Integer arithmetic is a significant part of ~every program. A single branch that checks the overflow flag is not expensive. But branching on that flag every time you do integer math is death by a billion paper cuts.
Your could use interrupts, no? Basically free when not triggered and when triggered you probably don't care about performance anymore.
Most architectures do not provide an interrupt that is generated by an integer overflow. Since this would be a significant architectural change in the hardware, it can't be simply added in.

Additionally, if you are running inside an operating system, handling an interrupt usually incurs a trip through the kernel, which would add extra overhead every time an overflow did happen. Since there's a lot of software which depends on integers overflowing, this overhead on each overflow could significantly impact legacy software.

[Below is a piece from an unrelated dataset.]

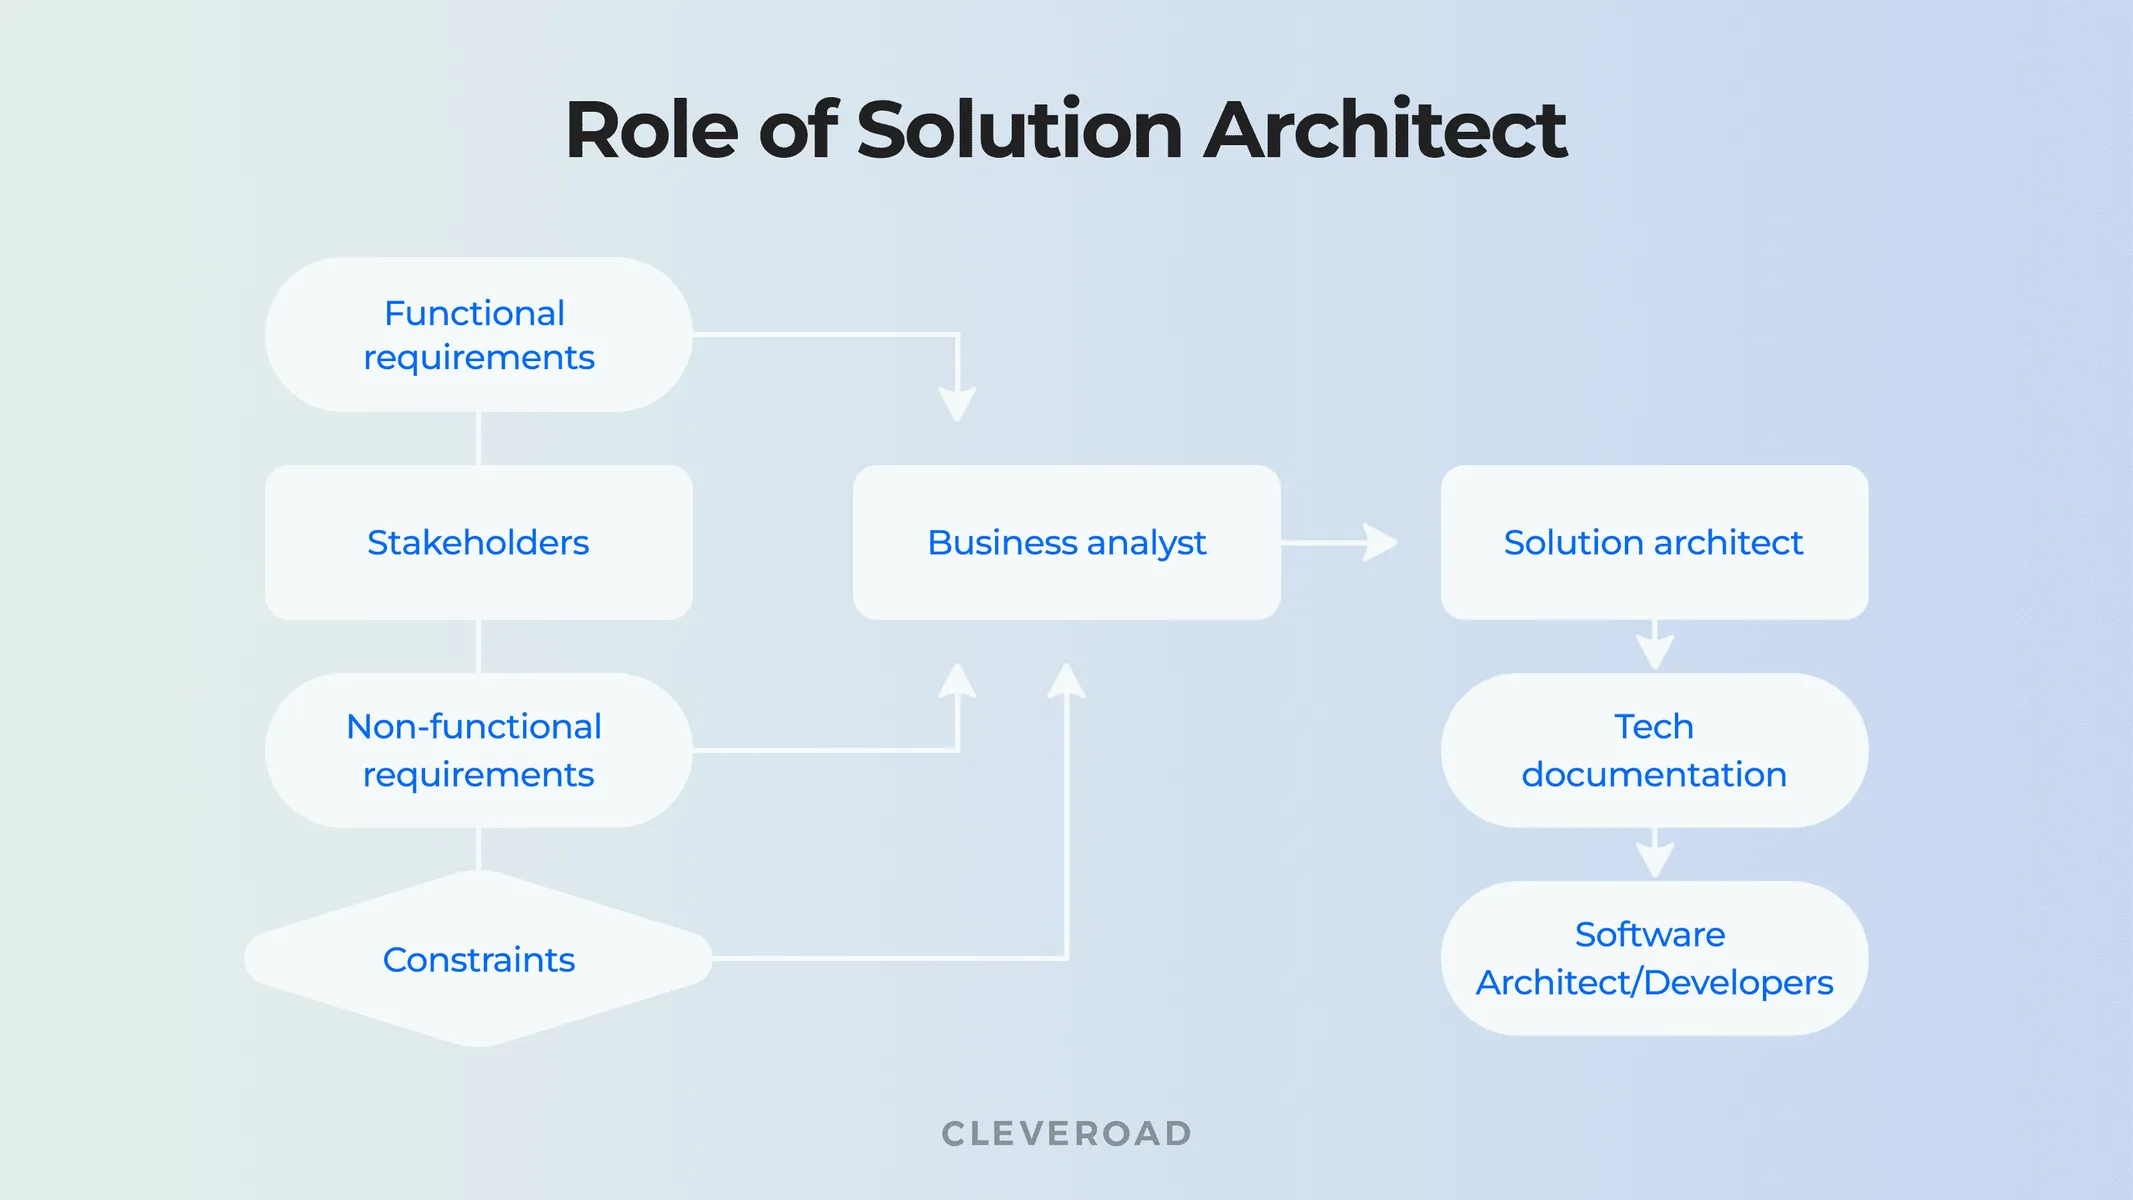 Solution architects role

Using a new instruction none of that would be an issue. And as someone pointed out, on x86 it wouldn't even be a new instruction, INTO already exists. But apparently it didn't make it in x64 because nobody used it :/
x86 at one time had a single-byte instruction that would trap if the overflow bit was set, INTO. It doesn't exist in 64-bit mode, I believe, and it was never widely used as far as I know. The performance implications of adding even a single additional instruction to every integer operation were probably still prohibitive? (And there's a history in x86 of specialized clever instructions and mechanisms going unused, due to being slower than doing the same thing some other way.)
Presumably the program has to check bit in a status register or something like that to tell if the previous instruction caused overflow, no? That means an extra branch after each arithmetic instruction. I imagine that's not cheap?
Fascinating. Haven't had a chance to do Rust yet, but I think I would change this so that they were consistent. I do embedded, and that kind of "behaves differently in different places" is the worst kind of bug to figure out.
> behaves differently in different places

It doesn't behave differently in different places, it differs based on build profile. You test in debug mode, which is where overflows will panic, which makes them quite obvious. If you want to pay the price of overflow checks everywhere in release mode, then you can turn them on there as well (it's not that much of a performance penalty, but that might not be true on embedded...). It's effectively just a compiler flag.